== Data provided ==
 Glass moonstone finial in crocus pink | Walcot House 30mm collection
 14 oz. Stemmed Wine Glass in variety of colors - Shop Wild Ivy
===
== Data provided ==
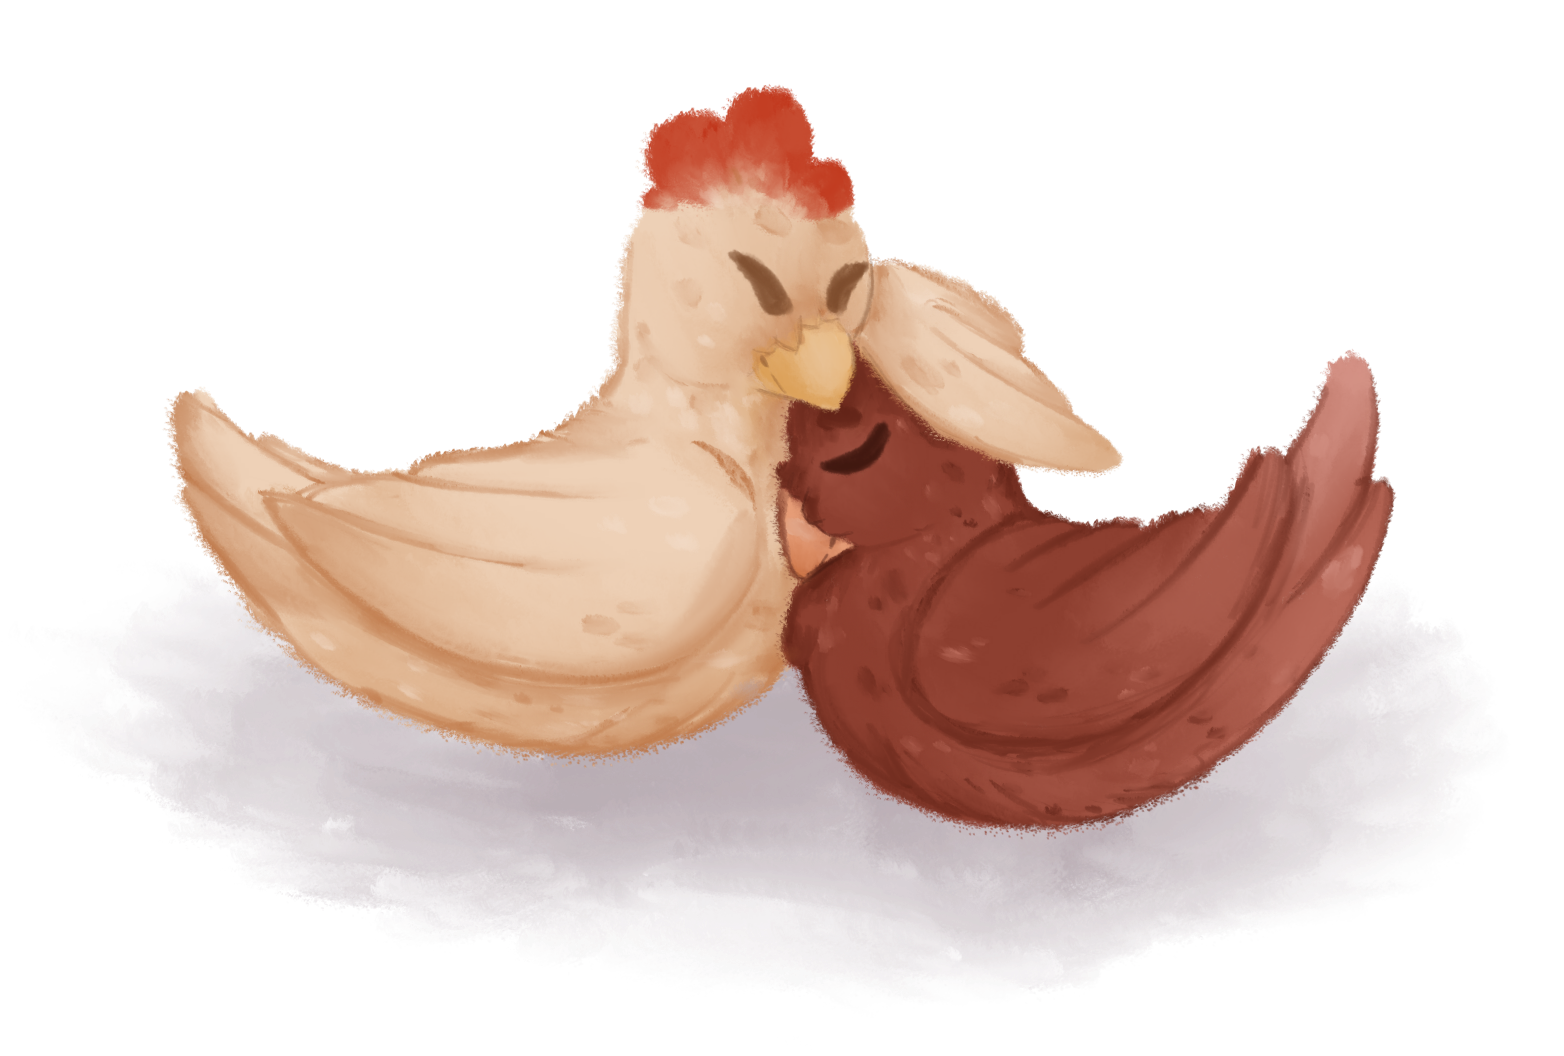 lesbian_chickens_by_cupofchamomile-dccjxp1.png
===
== Data provided ==
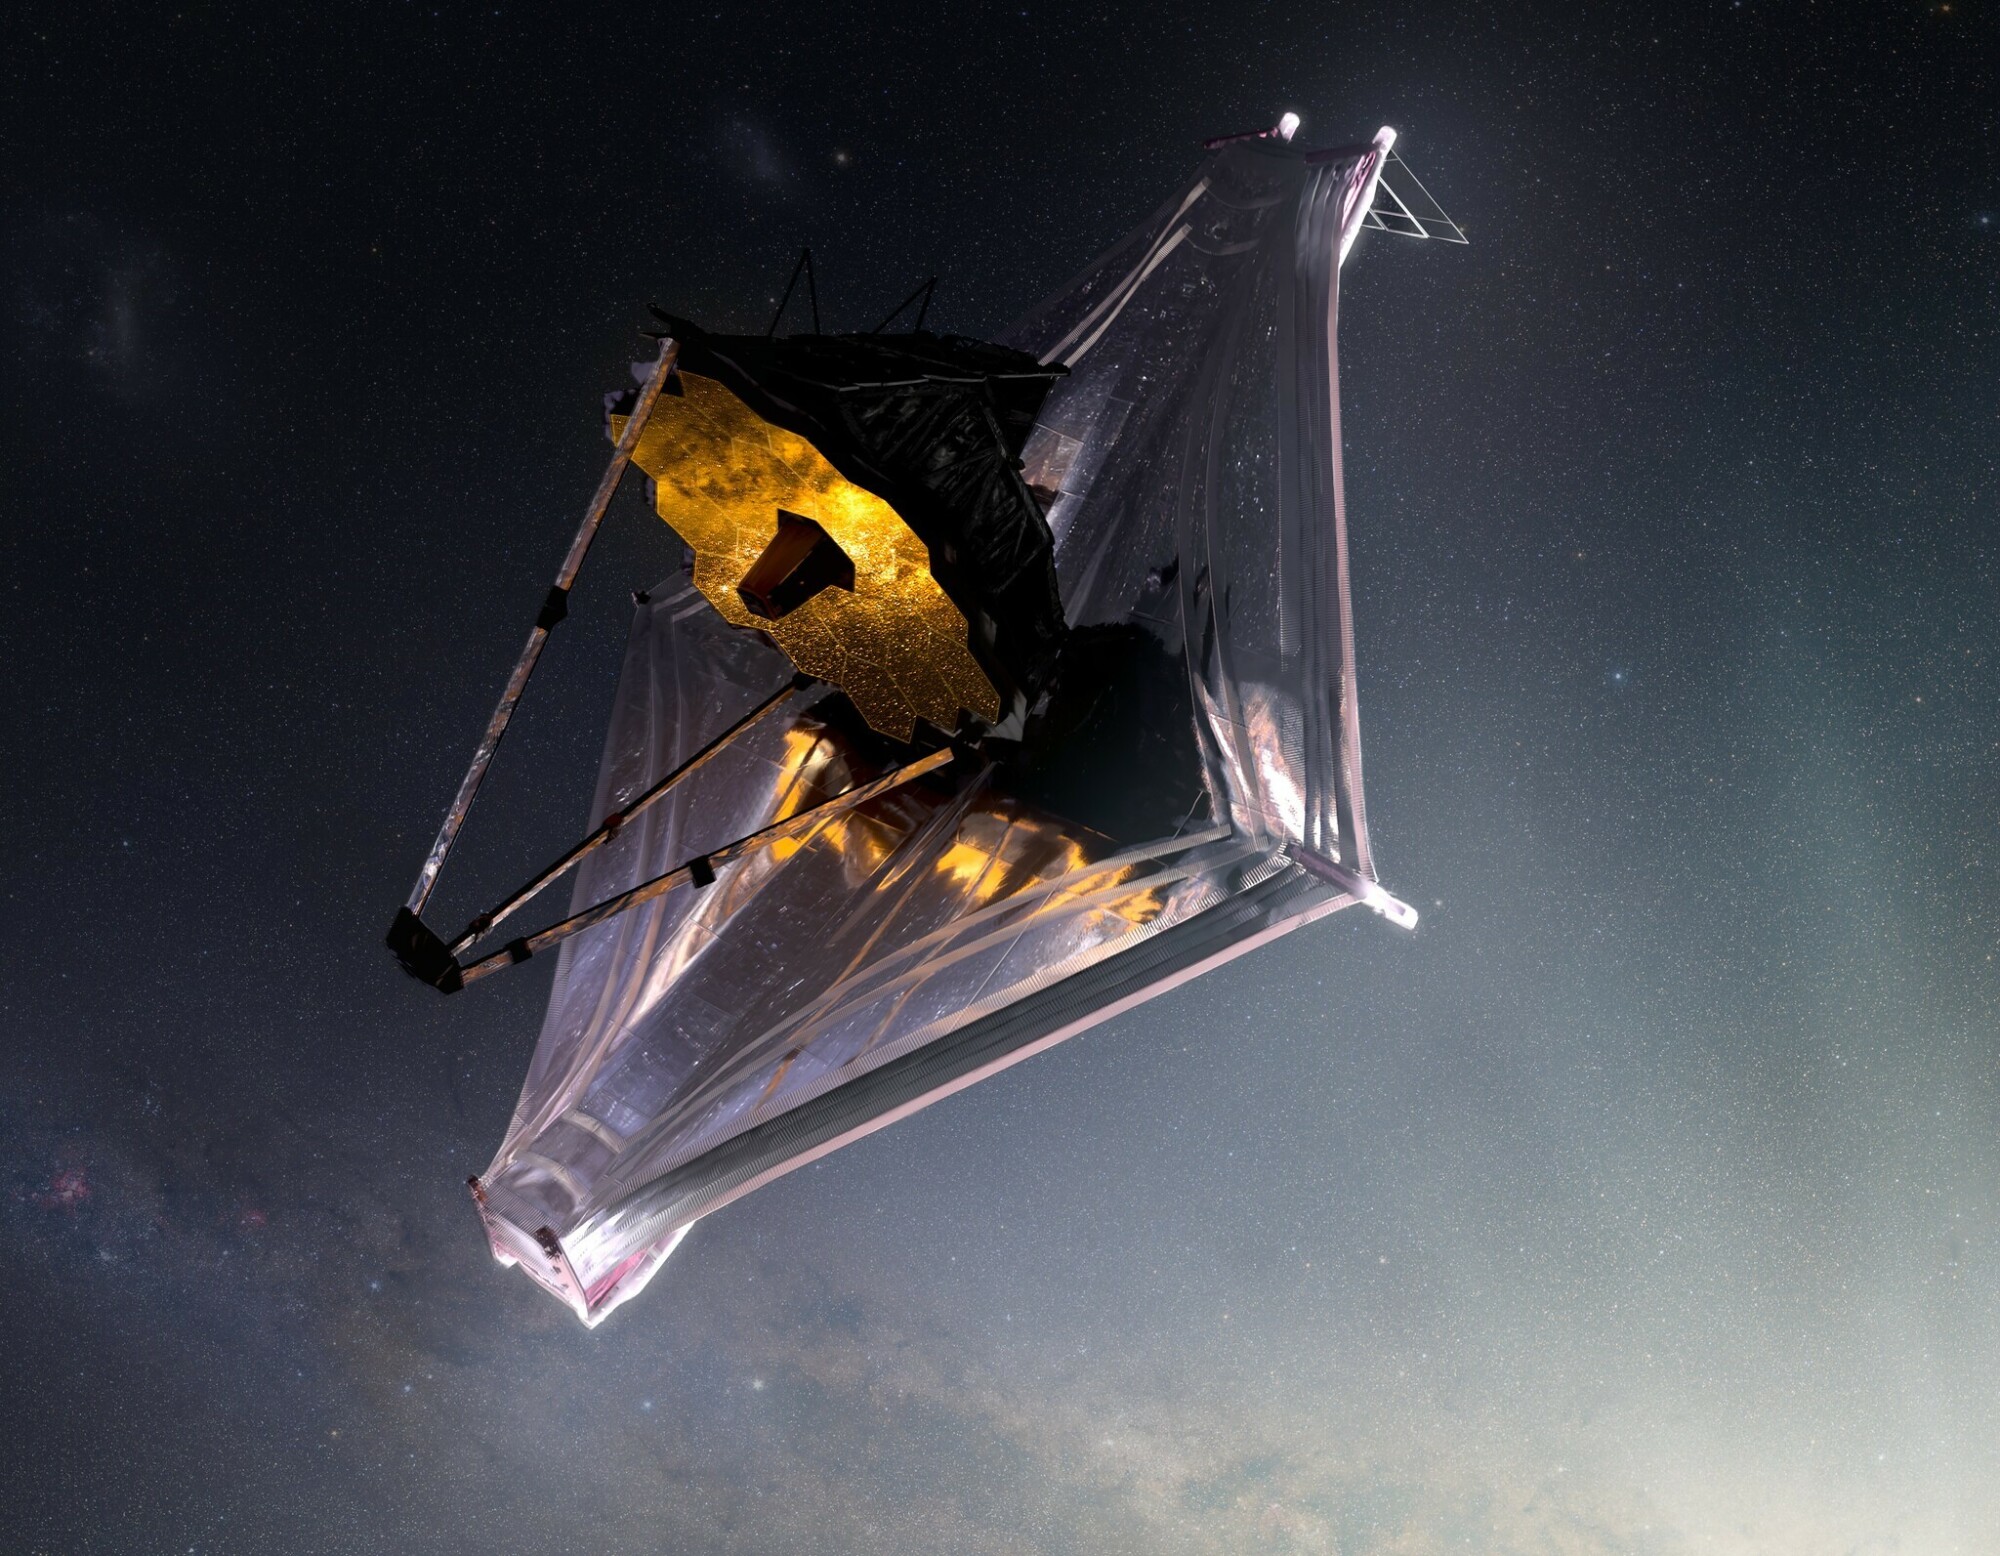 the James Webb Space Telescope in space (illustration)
===
## [Exercise prompt]
Lines containing the word "Glass" are to be tallied across the entries above; give only the resulting count.

## [Exercise answer]
2